#### [Supplied data]
== == ==

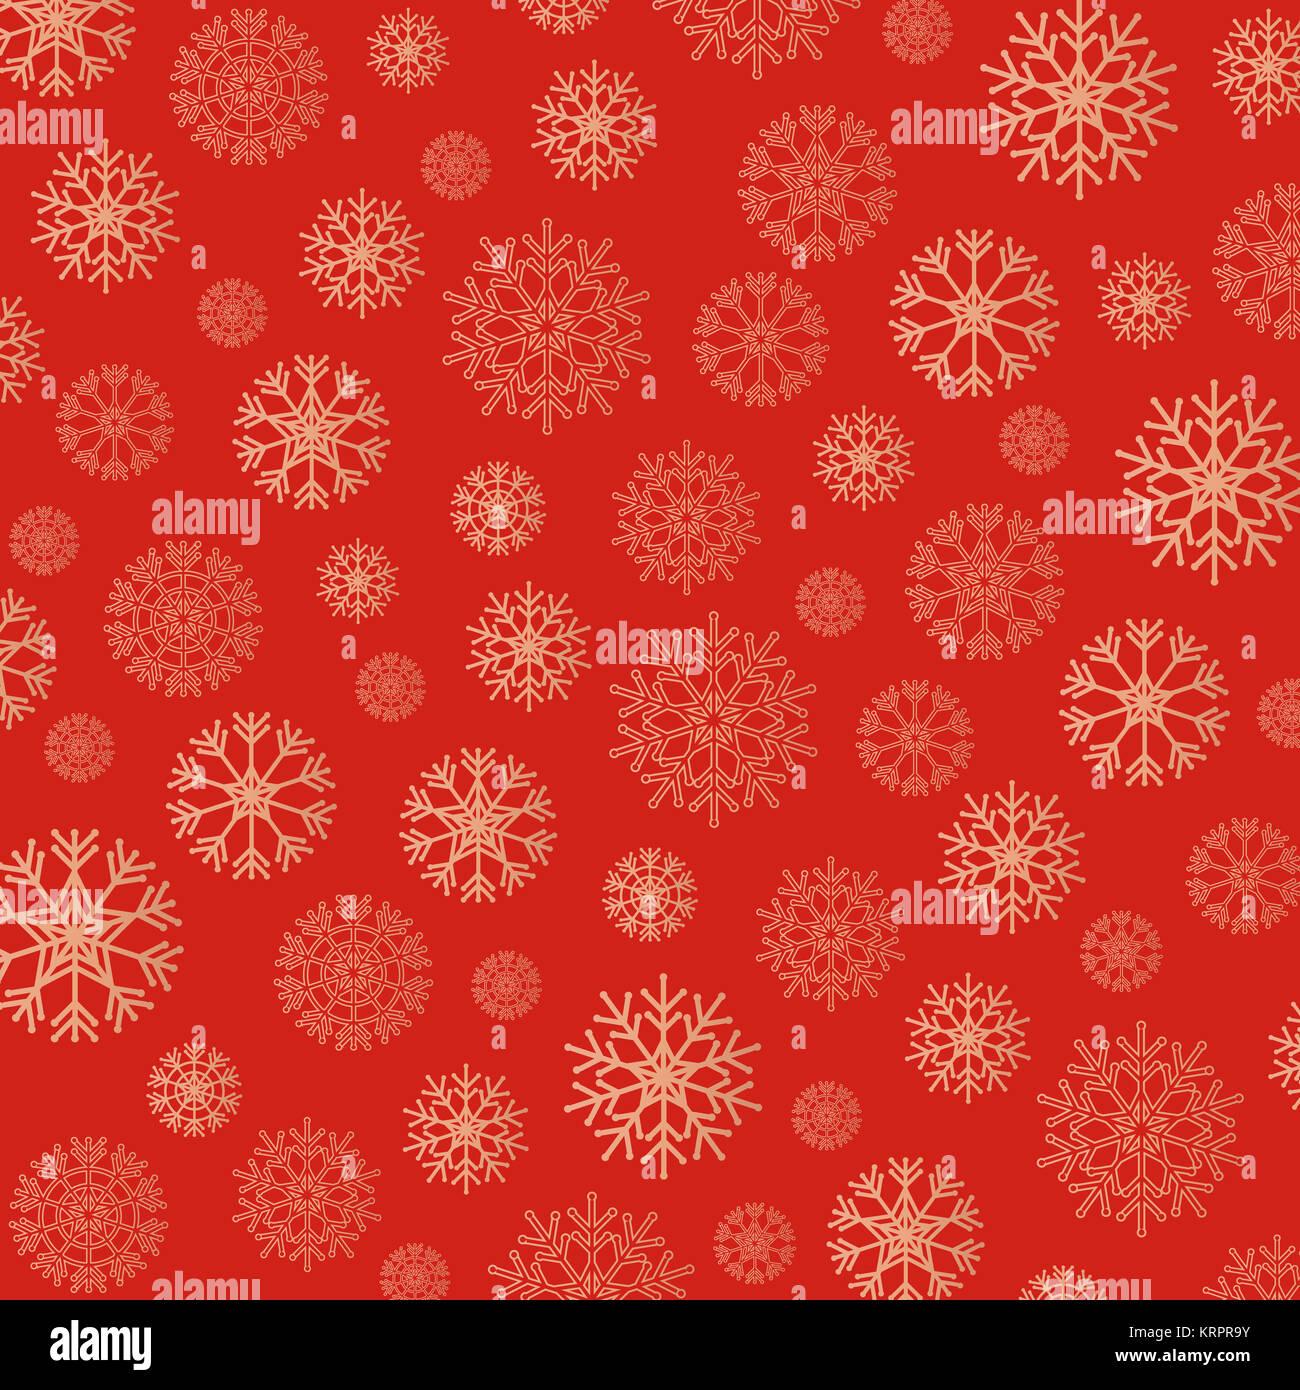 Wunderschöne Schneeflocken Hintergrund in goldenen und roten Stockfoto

== == ==

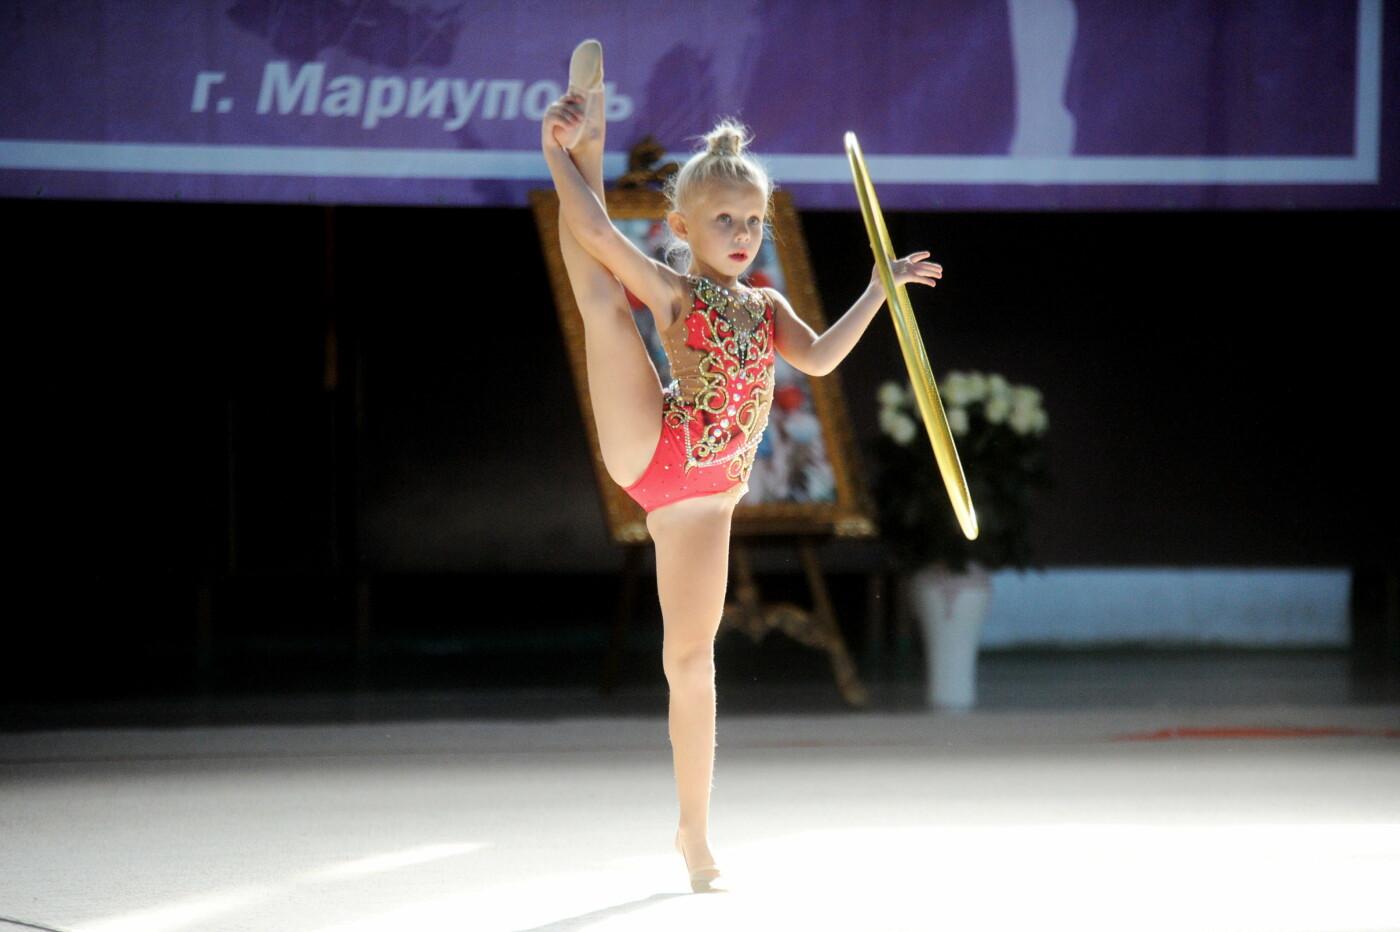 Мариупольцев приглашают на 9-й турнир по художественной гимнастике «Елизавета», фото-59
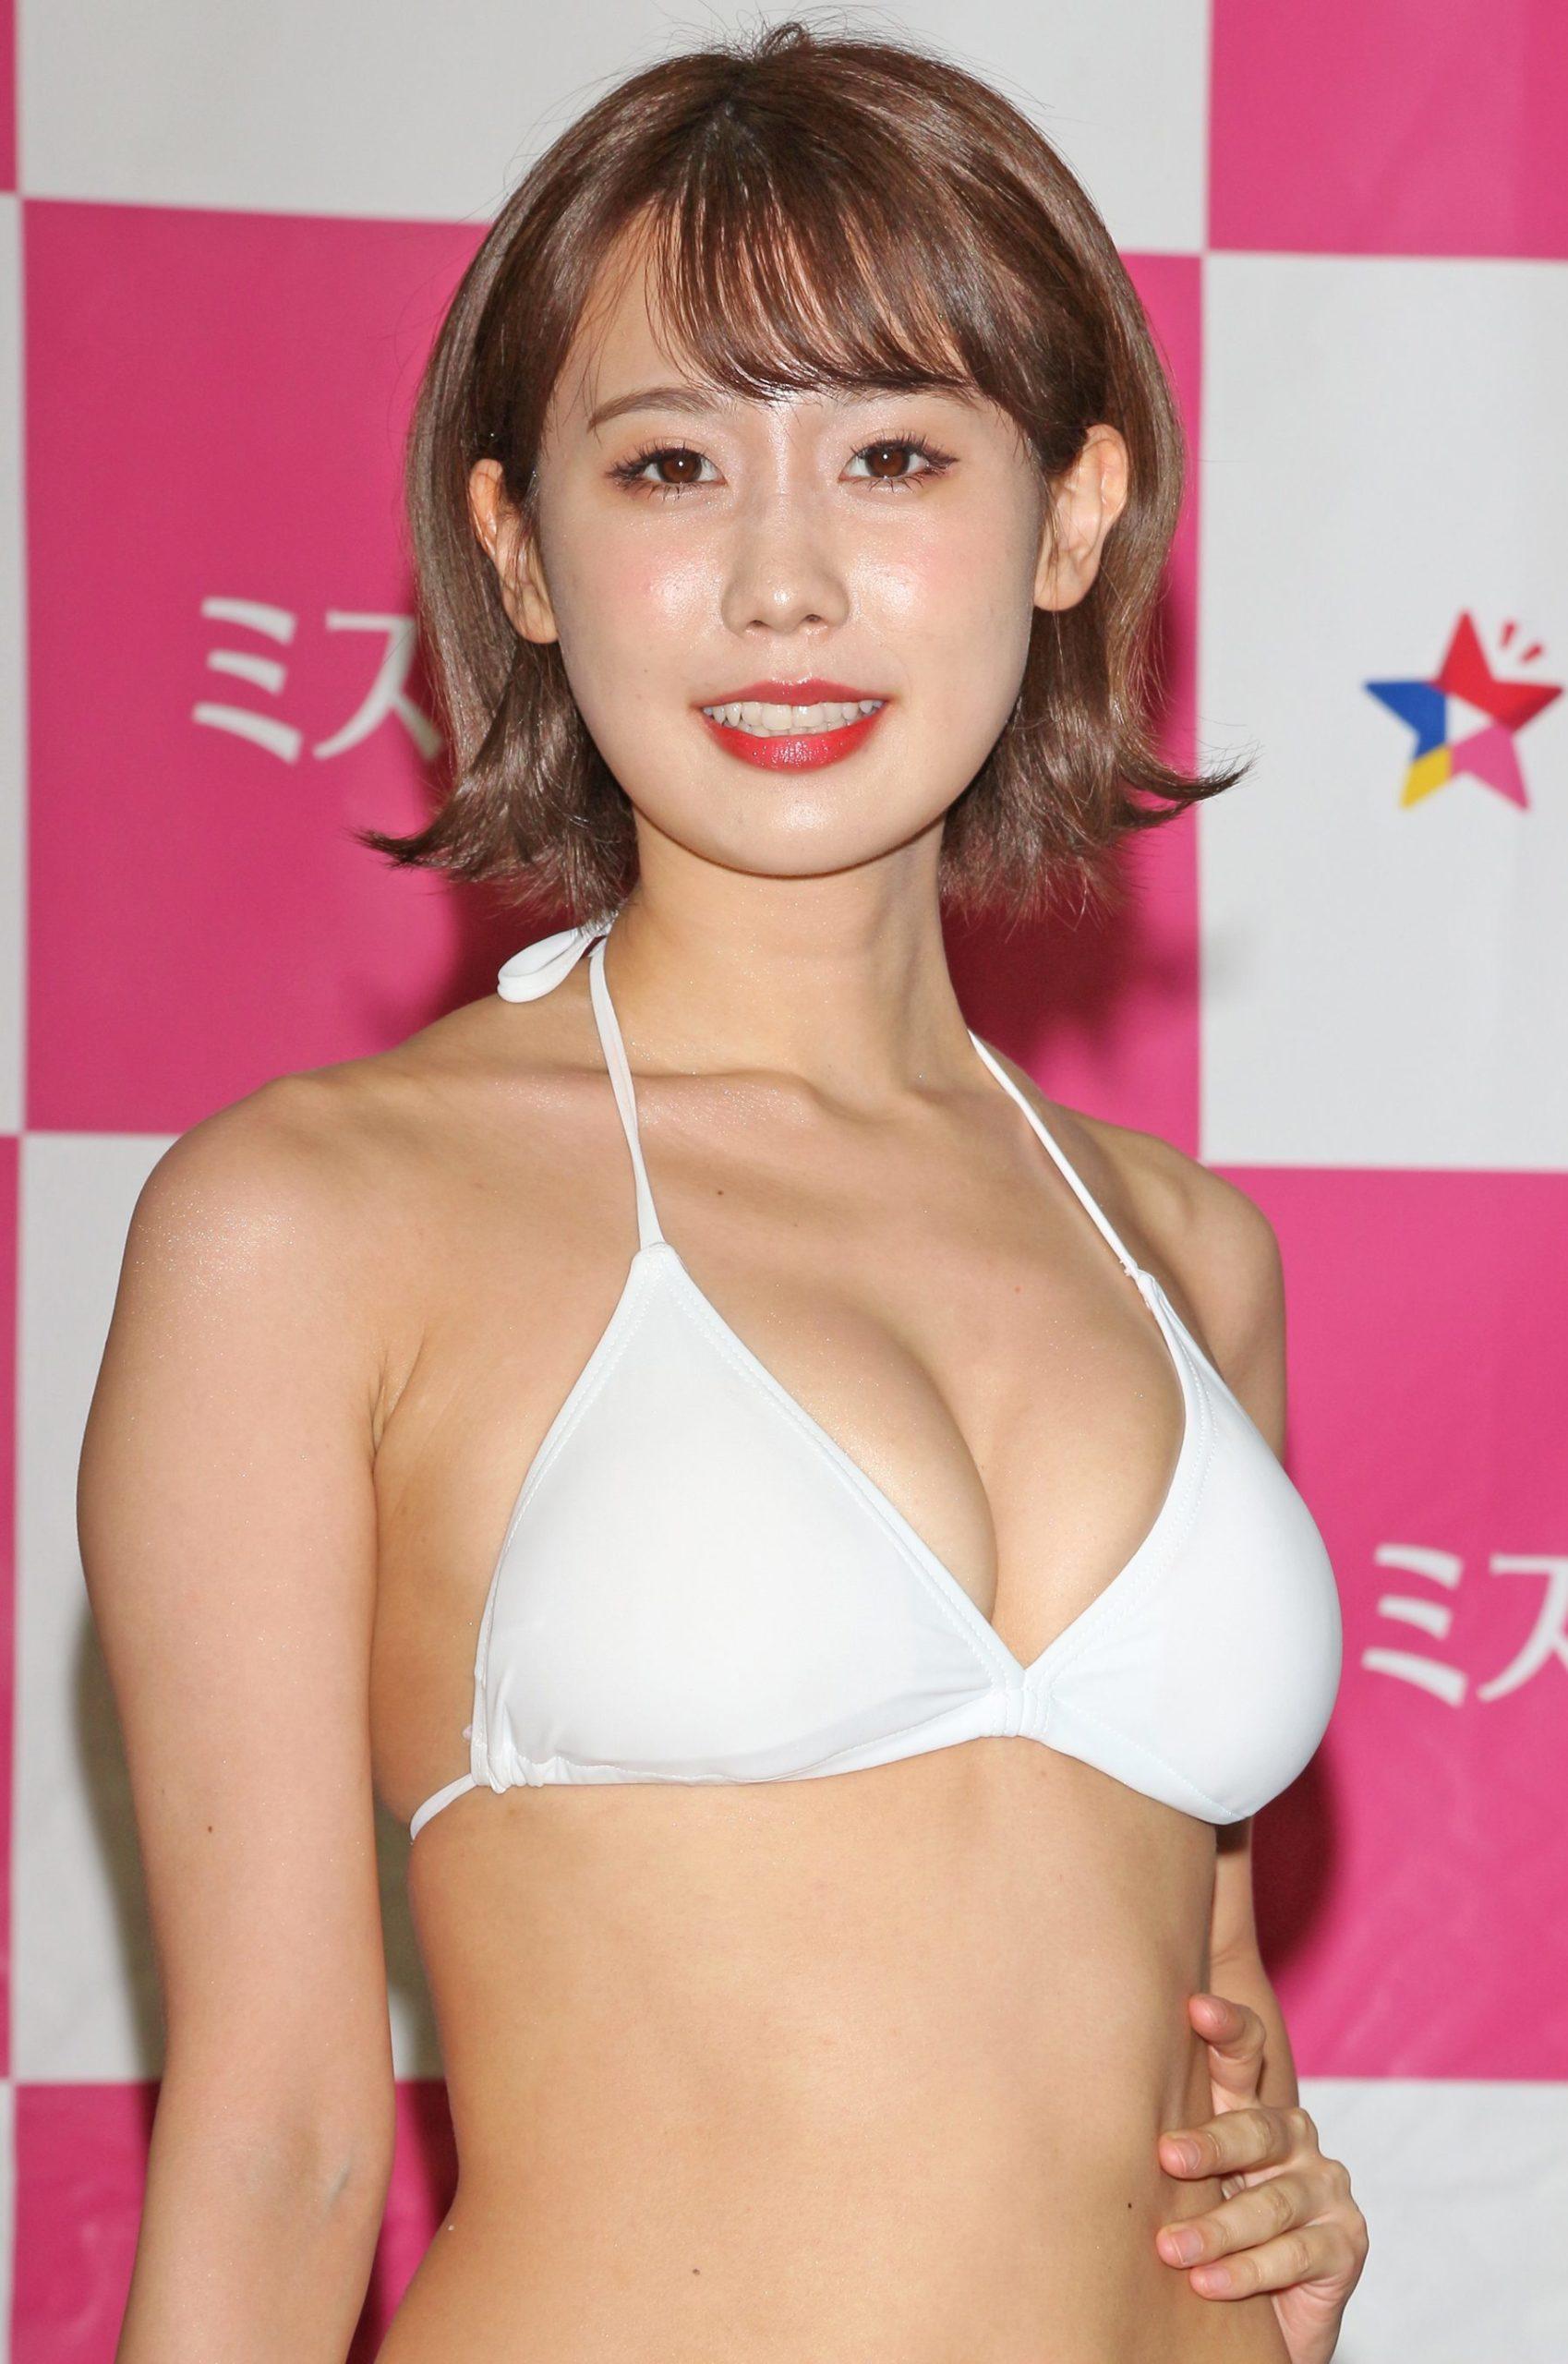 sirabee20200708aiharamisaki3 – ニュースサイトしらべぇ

== == ==

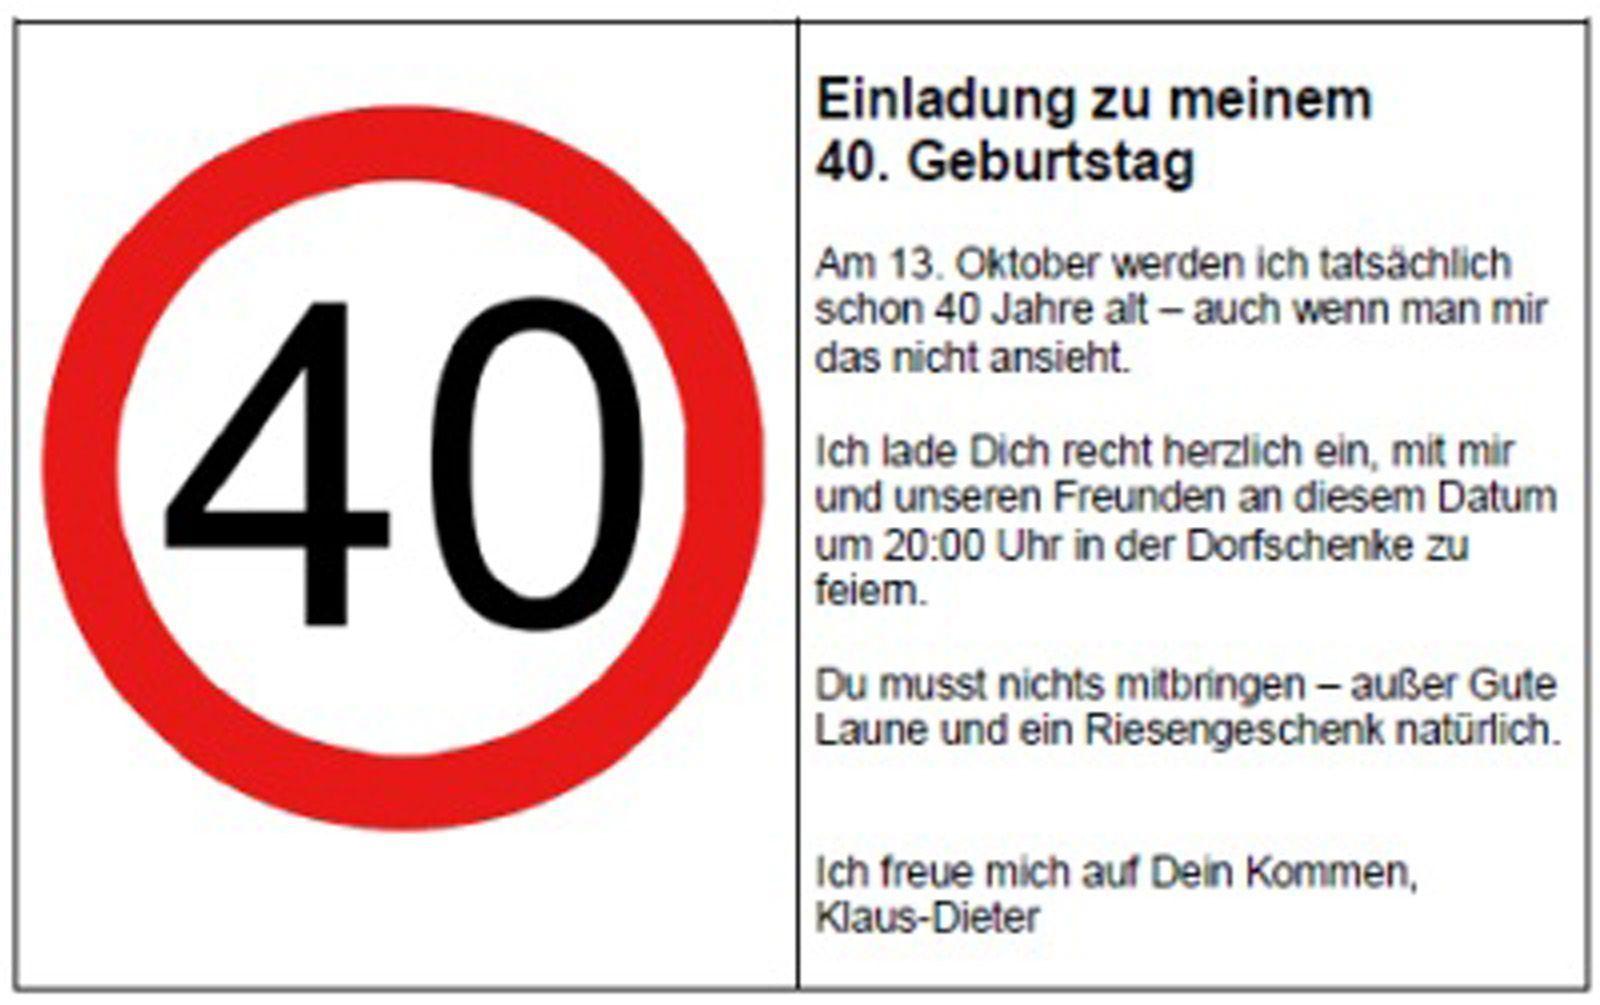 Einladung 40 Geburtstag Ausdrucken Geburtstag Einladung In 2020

== == ==

#### [What is required]
Only one stretch of the listing is wanted: the lines starting at the one with "Мариупольцев приглашают на" and ending at the one with "sirabee20200708aiharamisaki3 – ニュースサイトしらべぇ", copied exactly and free of pictures.

#### [Solved exercise]
 Мариупольцев приглашают на 9-й турнир по художественной гимнастике «Елизавета», фото-59
 sirabee20200708aiharamisaki3 – ニュースサイトしらべぇ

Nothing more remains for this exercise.